17th September 2014
Legal obligation to base pesticide approval decisions on science dismantled by EU regulators and industry
For 7 pesticides proposed by industry for re-approval, PAN Europe identified 434 studies with adverse effects in independent literature. Only 23% (99) of these studies were found by industry in the review they were legally obliged to do and even 0% of these studies were qualified relevant by the industrial applicant for EU decision-taking. EU member states, the Rapporteurs for regulating pesticides, approved these reviews and the dismissal of independent science, while EU Commission was not acting at all.

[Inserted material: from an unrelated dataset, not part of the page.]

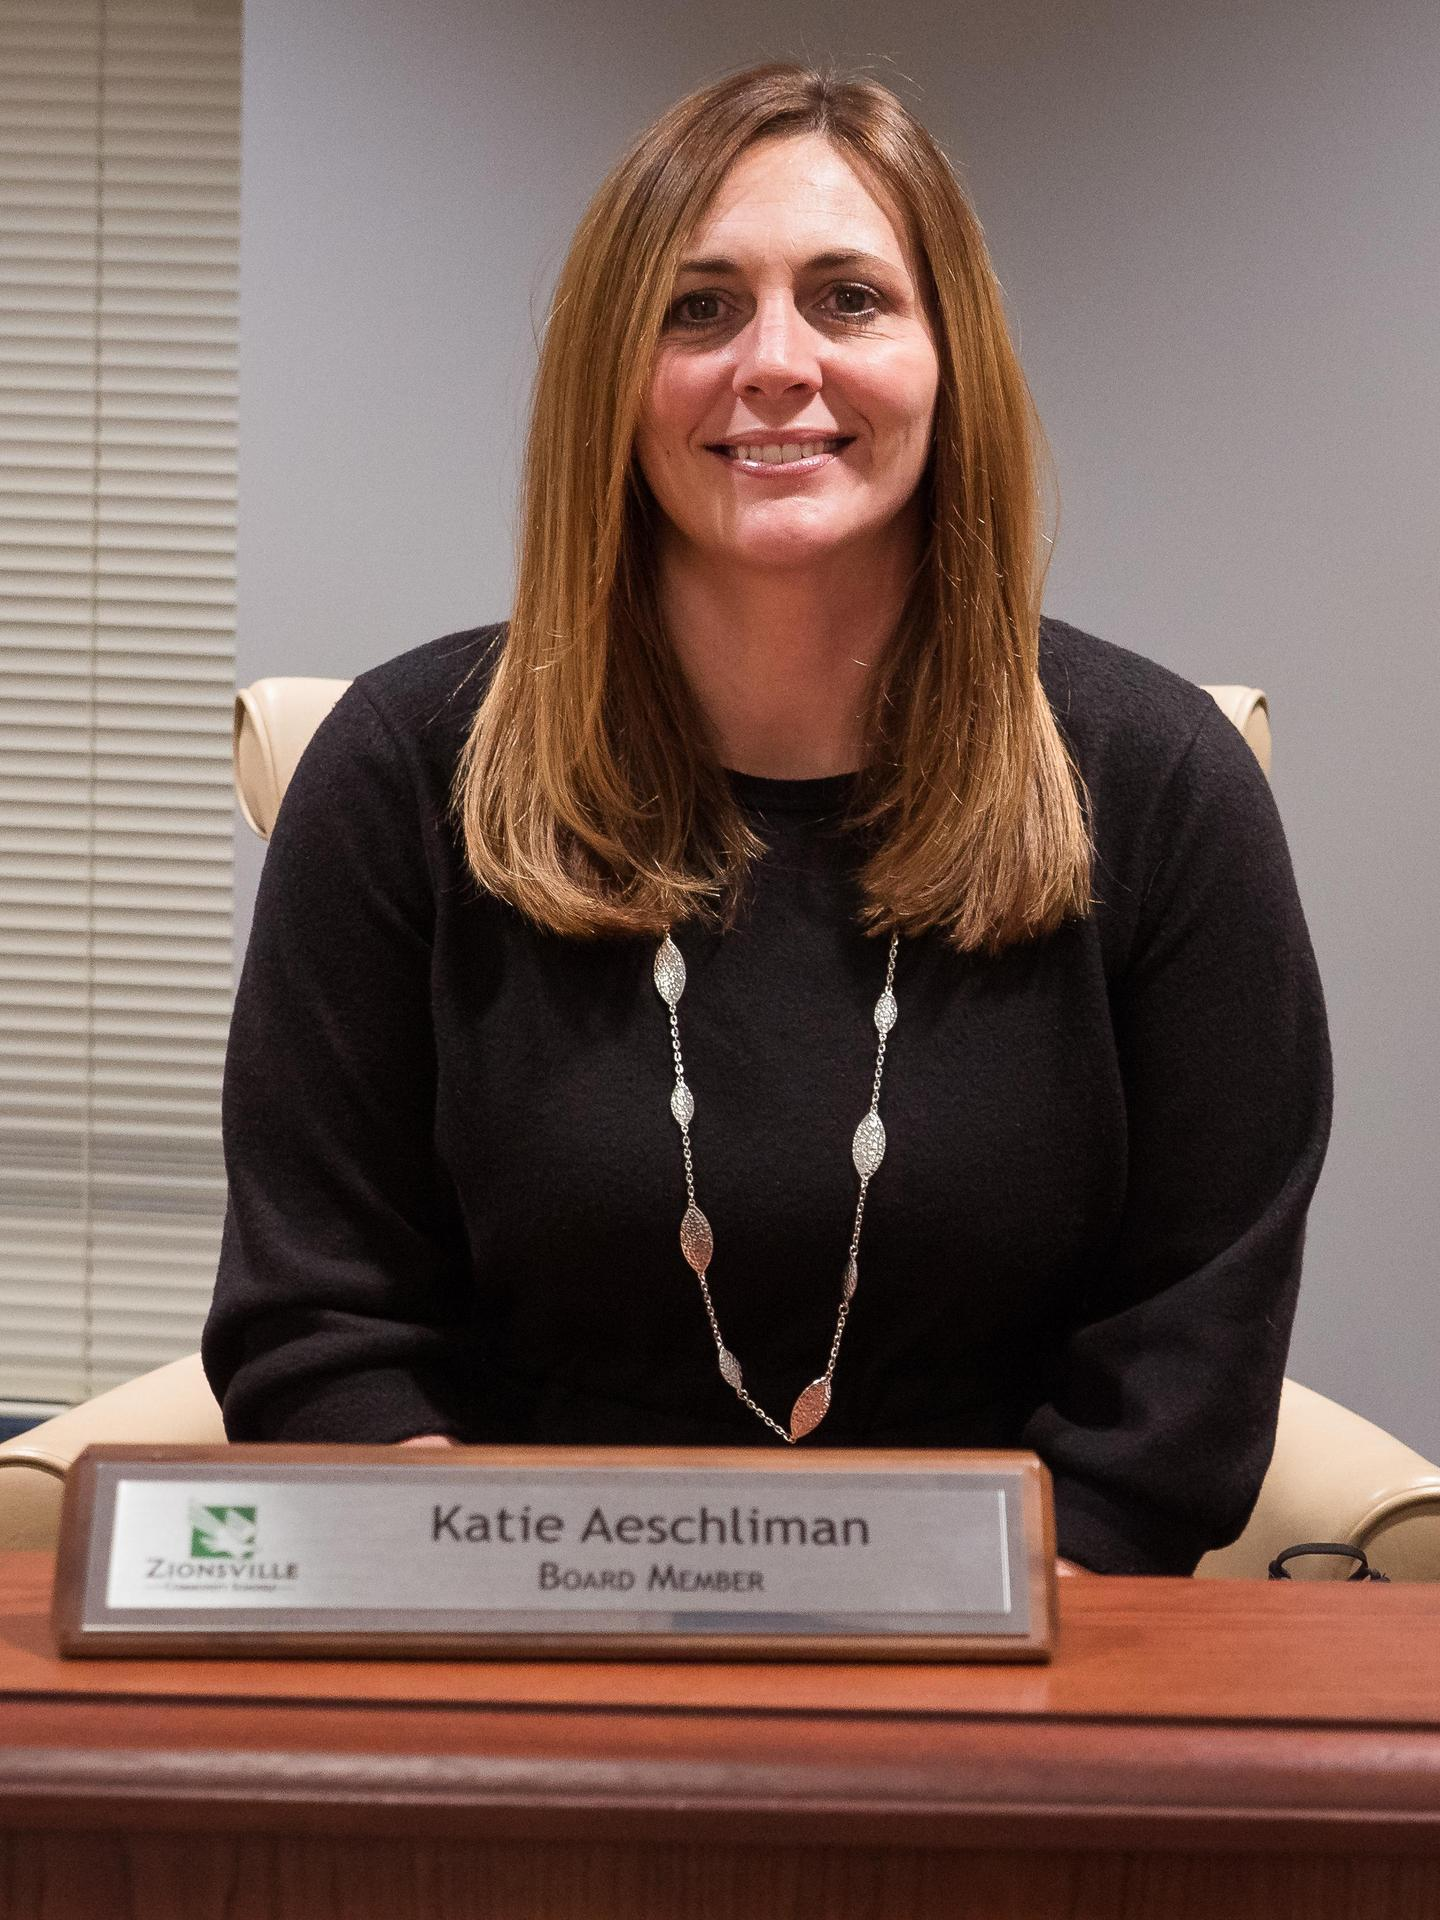 Mrs. Katie Aeschliman

Dismissing studies showing harmful health effects also means that food safety standards could be set at a too high level and EU citizens put at harm. For instance, while EU considers the lowest harmful level for the herbicide 2,4-D to be at a 62,5 mg/kg dose in animal studies sponsored by industry, independent literature shows effects at 3,3 and 2,5 mg/kg dose level in two different animal studies, 20 times lower.
PAN-Europe took this sample of 7 active substances of pesticides to test the new EU obligation of Regulation 1107/2009 to take scientific peer-reviewed literature into account for the approval process of pesticides. Up to now all EU pesticide decisions are solely based on industry-sponsored studies with unknown bias while the millions of academic studies are disregarded. Politicians in 2008 agreed this had to change and obliged industrial applicants to do a review of the literature and include independent research in every new application for approval.
The first bad sign for the implementation of the new rule was the guidance document made by Food Authority EFSA in 2011 putting OECD-protocol studies at a high level of reliability and non-protocol studies at a lower level. This so-called "Klimisch-ranking" -a proposal of three BASF-employees- will almost automatically dismiss the hundreds of thousands of relevant studies performed at universities and research institutes because fixed protocols are rarely used by them. Billions and billions of research money are therefore spend by society to learn about science and adverse health effects, but are disregarded and dismissed in Brussels decision-making procedures.
PAN Europe comments: "Again regulators show their stubborn behavior and dismantle democratically agreed legal obligations and keep on ignoring academic science. EU citizens are put at risk now dangerous health effects are disregarded. PAN Europe feels the EFSA guidance should be revised and all studies considered for their quality and not for administrative reasons like having a certain protocol".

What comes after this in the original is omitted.